Let's say my data consists of 25 observations of four features, which are in groups of 2. So we'll call my variables $x_1, x_2, y_1, y_2$. We have a partitioned sample mean vector given by $\begin{bmatrix}\bar{x}\\ \bar{y}\end{bmatrix}$, where $\bar{x} = \begin{bmatrix}\bar{x_1}\\ \bar{x_2}\end{bmatrix}$, $\bar{y} = \begin{bmatrix}\bar{y_1}\\ \bar{y_2}\end{bmatrix}$. We can partition the covariance matrix $S$ by \begin{equation*} S = \begin{bmatrix}S_{xx}&S_{yx}\\S_{xy}&S_{yy}\end{bmatrix} \end{equation*} where $S_{xx}$ is the covariance matrix of just the $x$ variables and $S_{yy}$ is the covariance matrix of just the $y$ variables. I'm trying to write an R script that will calculate $S_{yx}$ using just the input data. Clearly $S_{yx}$ consists of \begin{equation*} S_{yx} = \begin{bmatrix}Cov(x_1, y_1)&Cov(x_1, y_2)\\Cov(x_2, y_1)&Cov(x_2, y_2)\end{bmatrix} \end{equation*} So if $X$ is the $25 \times 2$ matrix of $x$ data and $Y$ is the $25 \times 2$ matrix of $Y$ data, then my idea for calculating is is like so: \begin{equation*} S_{yx} = \frac{1}{n-1} \big(X^TY - n\bar{x}\bar{y}^T\big) \end{equation*} However, when I type into R:
(1/(n-1)) * ((t(X) %*% Y) - (n * xbar %*% t(ybar)))

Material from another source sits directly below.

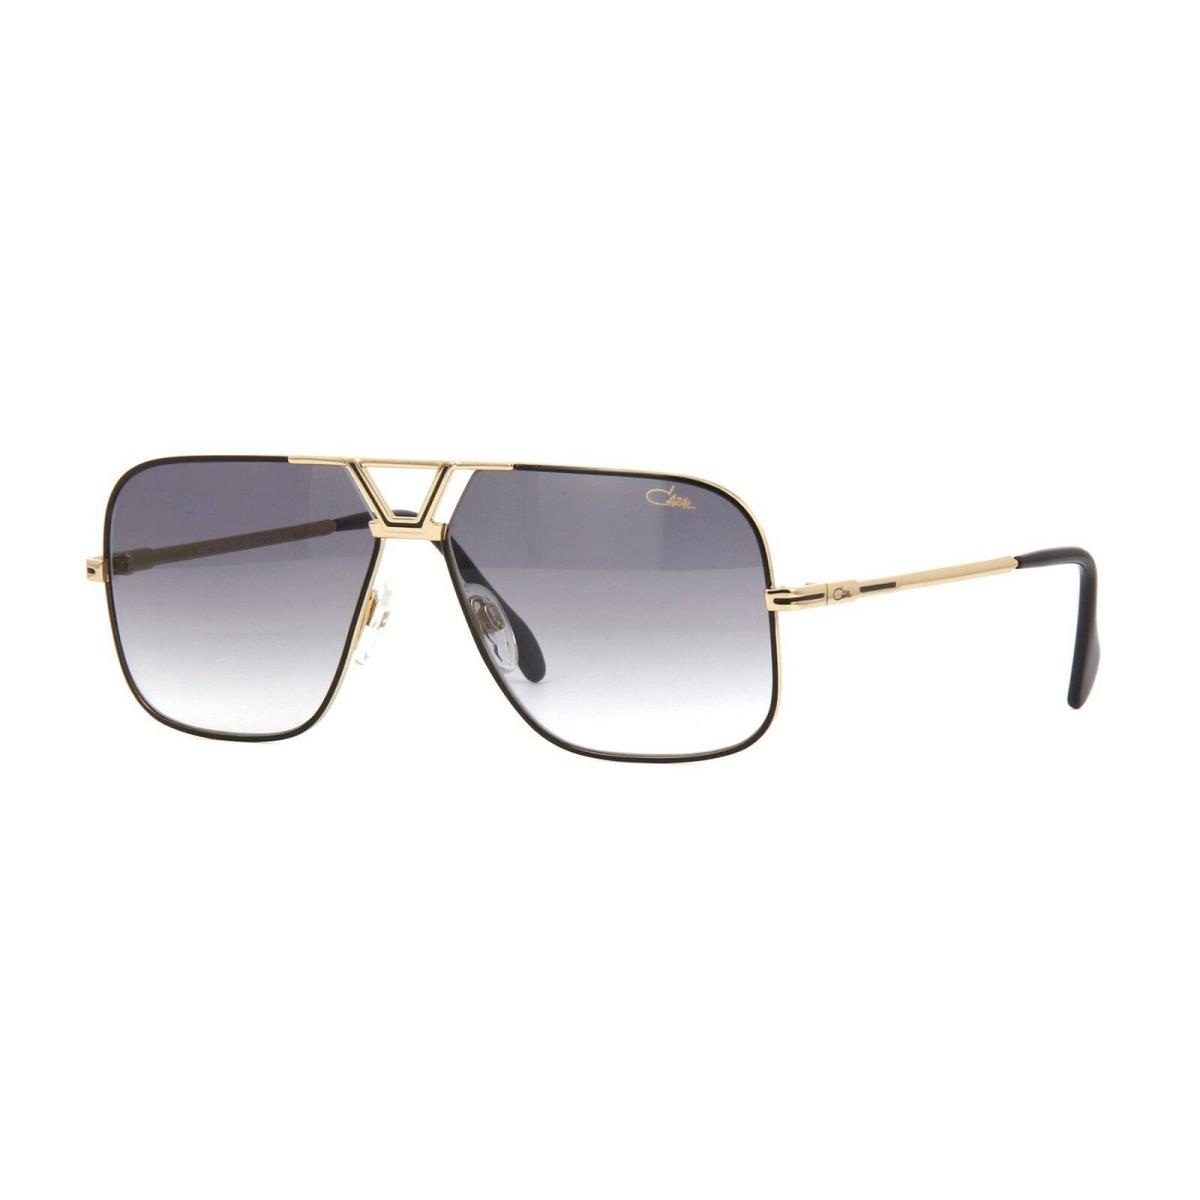 Cazal Legends 725/3 Black Gold/dark Grey Shaded 002 Sunglasses - Frame: Black Gold, Lens: Dark Grey Shaded

I get results which are wildly different from the corresponding results in the full covariance matrix. Is there a problem with my reasoning or my R code?
EDIT: ftp://ftp.wiley.com/public/sci_tech_med/multivariate_analysis_3e/ My input is the "T3_8_SONS.DAT" file in this directory. I don't know if there is a better way to include my input, sorry.